Describe the issue:
I am trying your pytorch example in https://nni.readthedocs.io/zh/stable/tutorials/hpo_quickstart_pytorch/model.html
everything goes well, installation succeed, and the web page looks nice. But after about 10s, the program ends up.
[2023-01-02 01:56:47] Creating experiment, Experiment ID: 6j50nacv
[2023-01-02 01:56:47] Starting web server...
[2023-01-02 01:56:48] Setting up...
[2023-01-02 01:56:48] Web portal URLs: http://127.0.0.1:8080 http://172.18.36.113:8080
node:internal/fs/watchers:252
throw error;
^
Error: ENOSPC: System limit for number of file watchers reached, watch '/home/linux_username/nni-experiments/6j50nacv/trials/gnav8/.nni/metrics'
at FSWatcher.<computed> (node:internal/fs/watchers:244:19)

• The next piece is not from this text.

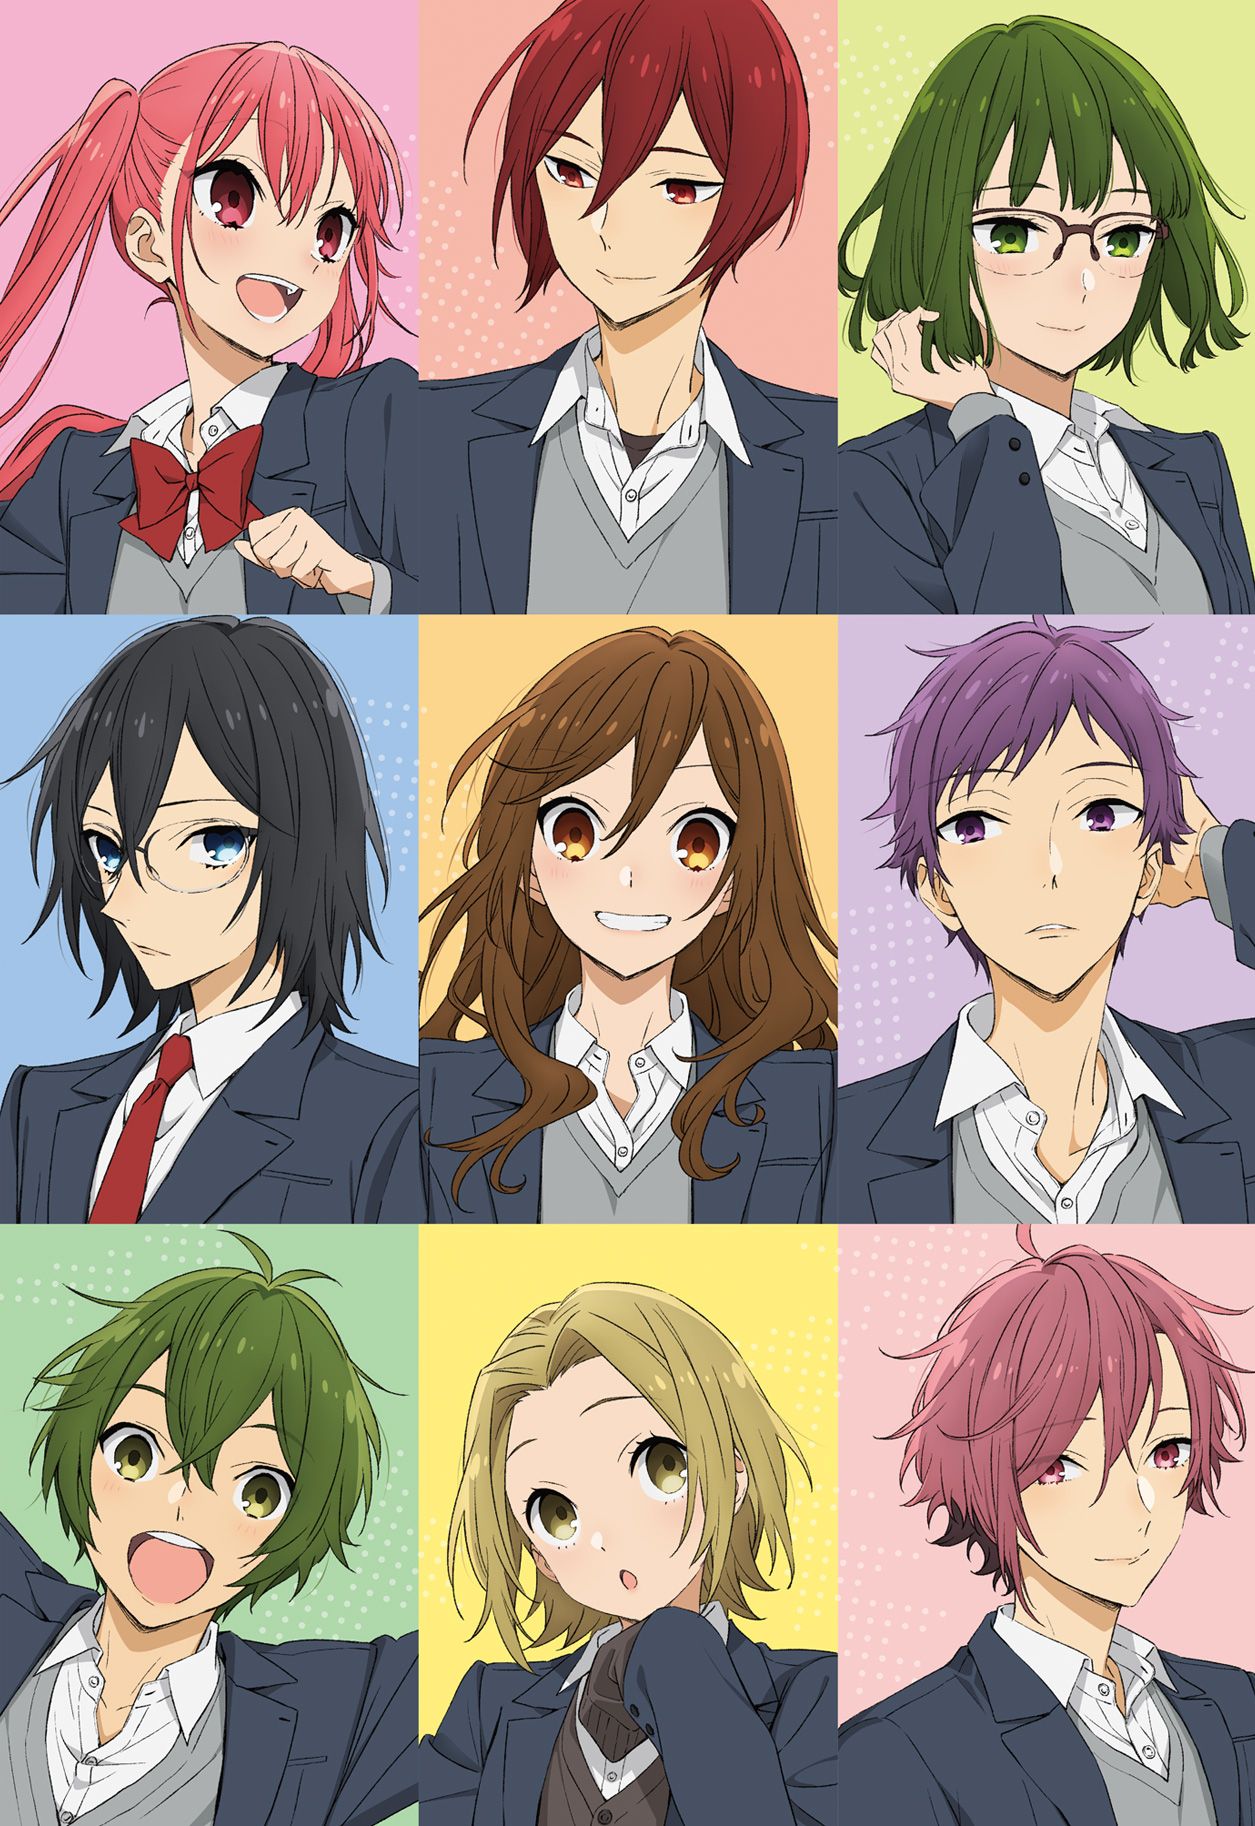 Kouno Sakura Anime Image Board

at Object.watch (node:fs:2251:34)
at TailStream.waitForMoreData (/home/linux_username/anaconda3/envs/torch/lib/python3.9/site-packages/nni_node/node_modules/tail-stream/index.js:123:31)
at TailStream.<anonymous> (/home/linux_username/anaconda3/envs/torch/lib/python3.9/site-packages/nni_node/node_modules/tail-stream/index.js:275:22)

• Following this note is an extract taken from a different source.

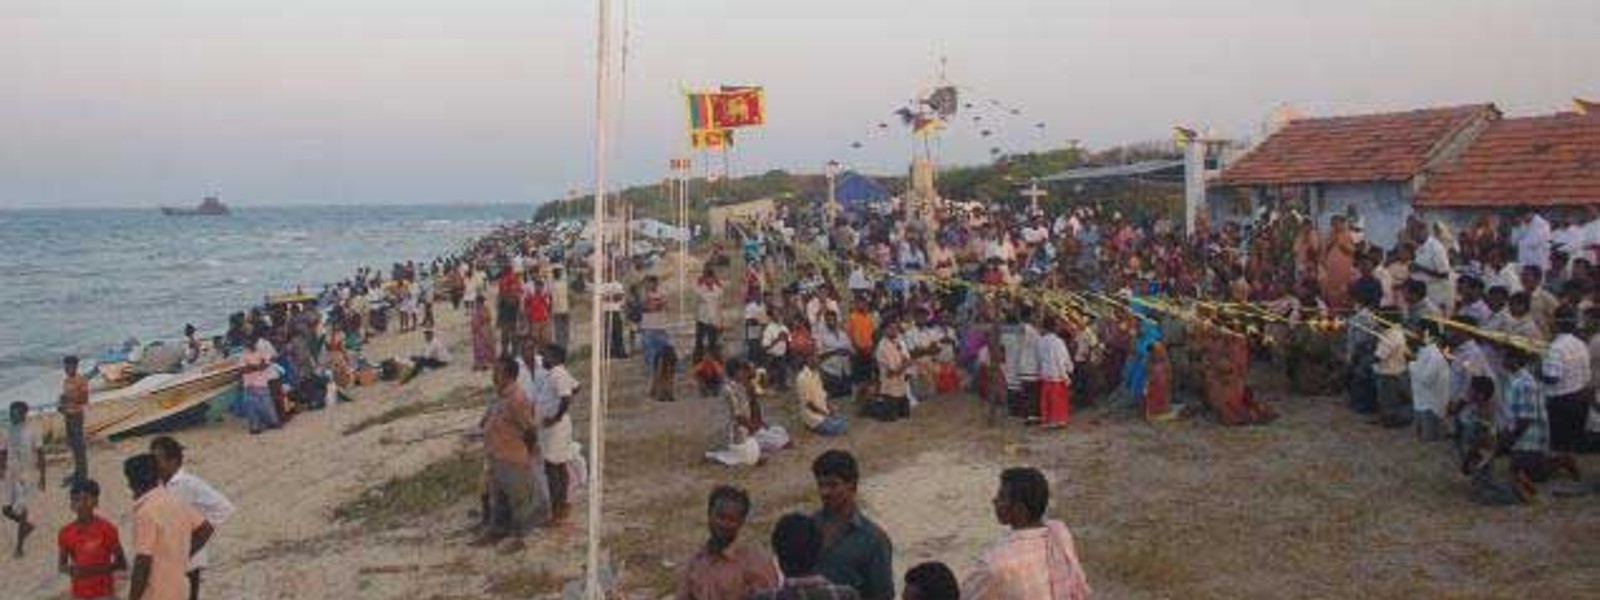 Katchatheevu festival open for Indian devotees

at FSReqCallback.wrapper [as oncomplete] (node:fs:660:5) {
errno: -28,
syscall: 'watch',
code: 'ENOSPC',
path: '/home/linux_username/nni-experiments/6j50nacv/trials/gnav8/.nni/metrics',
filename: '/home/linux_username/nni-experiments/6j50nacv/trials/gnav8/.nni/metrics'
}
Thrown at:
at __node_internal_captureLargerStackTrace (node:internal/errors:464:5)

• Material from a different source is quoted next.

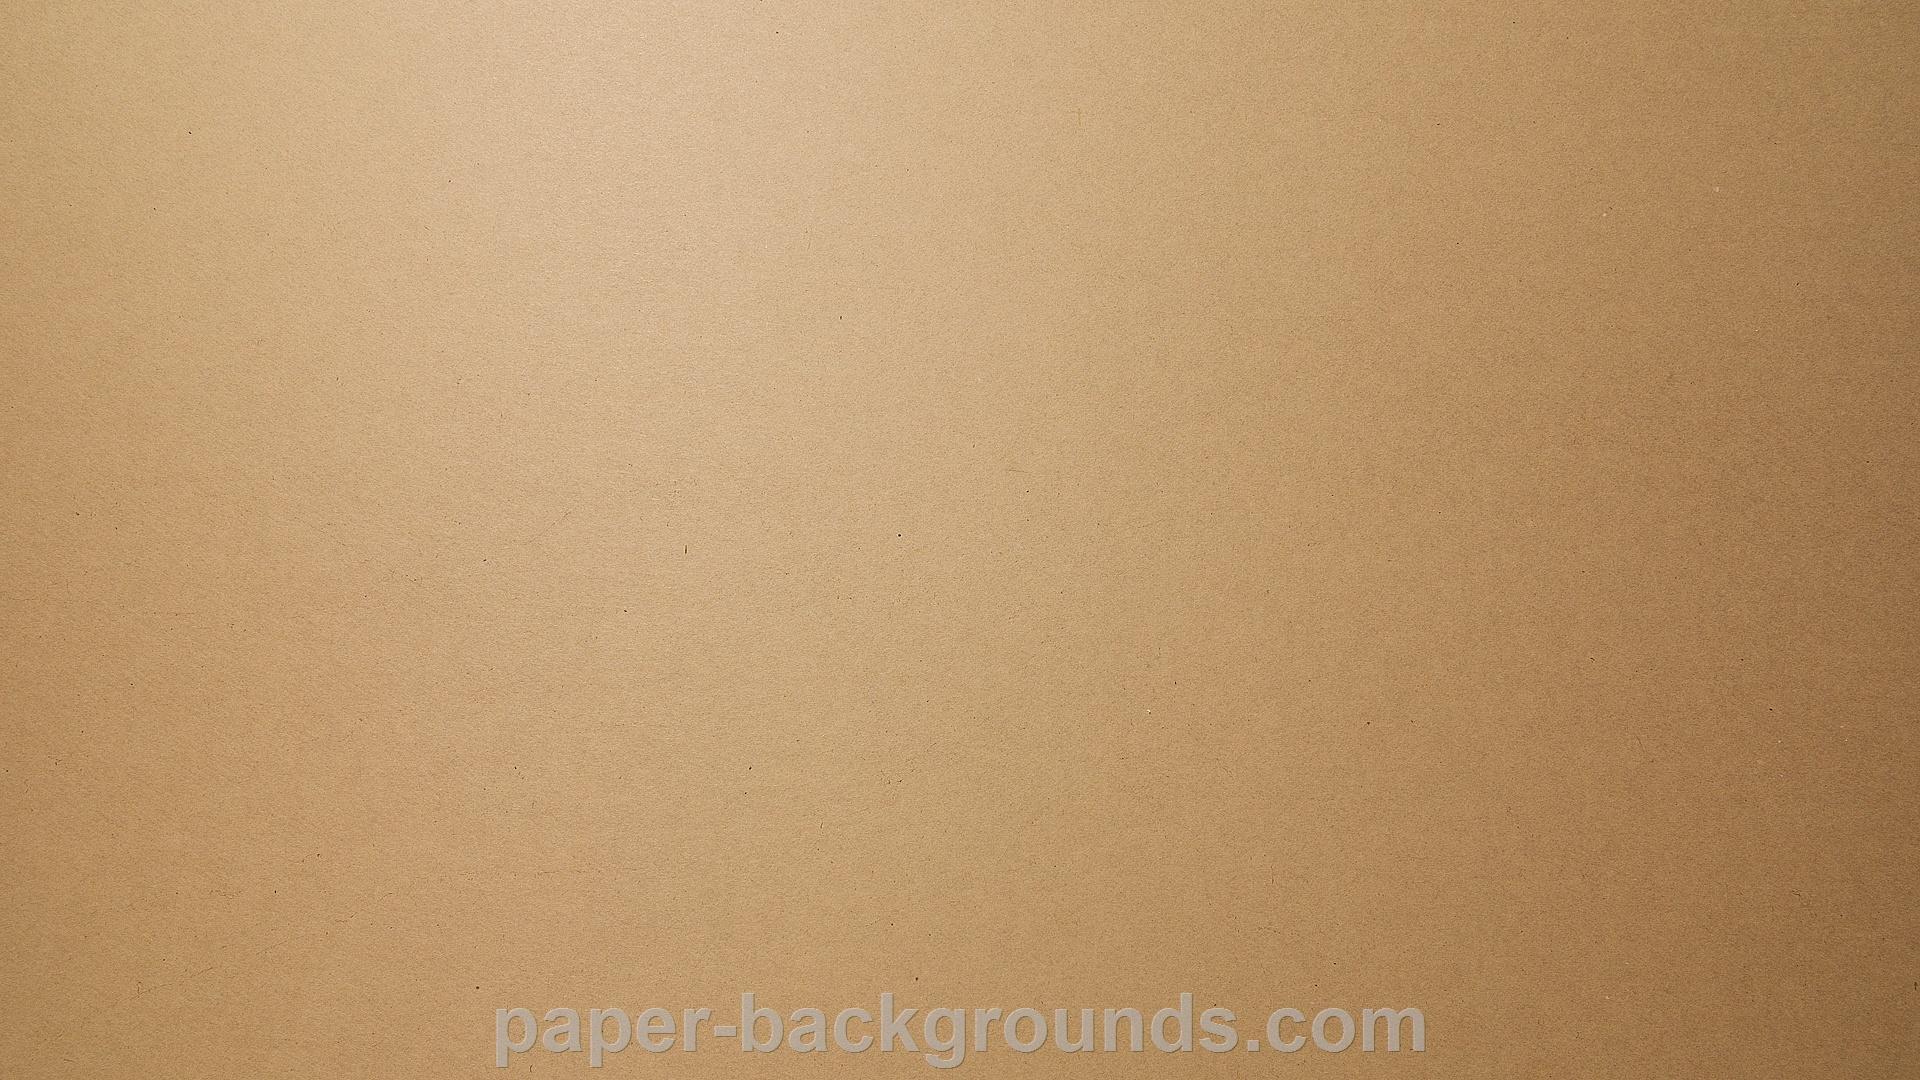 Cardboard Background. Cardboard

at __node_internal_uvException (node:internal/errors:521:10)
at FSWatcher.<computed> (node:internal/fs/watchers:244:19)
at watch (node:fs:2251:34)
at TailStream.waitForMoreData (/home/linux_username/anaconda3/envs/torch/lib/python3.9/site-packages/nni_node/node_modules/tail-stream/index.js:123:31)
at /home/linux_username/anaconda3/envs/torch/lib/python3.9/site-packages/nni_node/node_modules/tail-stream/index.js:275:22
at wrapper (node:fs:660:5)
Traceback (most recent call last):
File "/home/linux_username/anaconda3/envs/torch/lib/python3.9/runpy.py", line 197, in _run_module_as_main
return _run_code(code, main_globals, None,
File "/home/linux_username/anaconda3/envs/torch/lib/python3.9/runpy.py", line 87, in _run_code
exec(code, run_globals)
File "/home/linux_username/anaconda3/envs/torch/lib/python3.9/site-packages/nni/__main__.py", line 85, in <module>
main()
File "/home/linux_username/anaconda3/envs/torch/lib/python3.9/site-packages/nni/__main__.py", line 61, in main
dispatcher.run()
File "/home/linux_username/anaconda3/envs/torch/lib/python3.9/site-packages/nni/runtime/msg_dispatcher_base.py", line 69, in run
command, data = self._channel._receive()
File "/home/linux_username/anaconda3/envs/torch/lib/python3.9/site-packages/nni/runtime/tuner_command_channel/channel.py", line 94, in _receive
command = self._retry_receive()
File "/home/linux_username/anaconda3/envs/torch/lib/python3.9/site-packages/nni/runtime/tuner_command_channel/channel.py", line 104, in _retry_receive
self._channel.connect()
File "/home/linux_username/anaconda3/envs/torch/lib/python3.9/site-packages/nni/runtime/tuner_command_channel/websocket.py", line 62, in connect
self._ws = _wait(_connect_async(self._url))
File "/home/linux_username/anaconda3/envs/torch/lib/python3.9/site-packages/nni/runtime/tuner_command_channel/websocket.py", line 111, in _wait
return future.result()
File "/home/linux_username/anaconda3/envs/torch/lib/python3.9/concurrent/futures/_base.py", line 446, in result
return self.__get_result()
File "/home/linux_username/anaconda3/envs/torch/lib/python3.9/concurrent/futures/_base.py", line 391, in __get_result
raise self._exception
File "/home/linux_username/anaconda3/envs/torch/lib/python3.9/site-packages/nni/runtime/tuner_command_channel/websocket.py", line 125, in _connect_async
return await websockets.connect(url, max_size=None) # type: ignore
File "/home/linux_username/anaconda3/envs/torch/lib/python3.9/site-packages/websockets/legacy/client.py", line 659, in __await_impl_timeout__
return await asyncio.wait_for(self.__await_impl__(), self.open_timeout)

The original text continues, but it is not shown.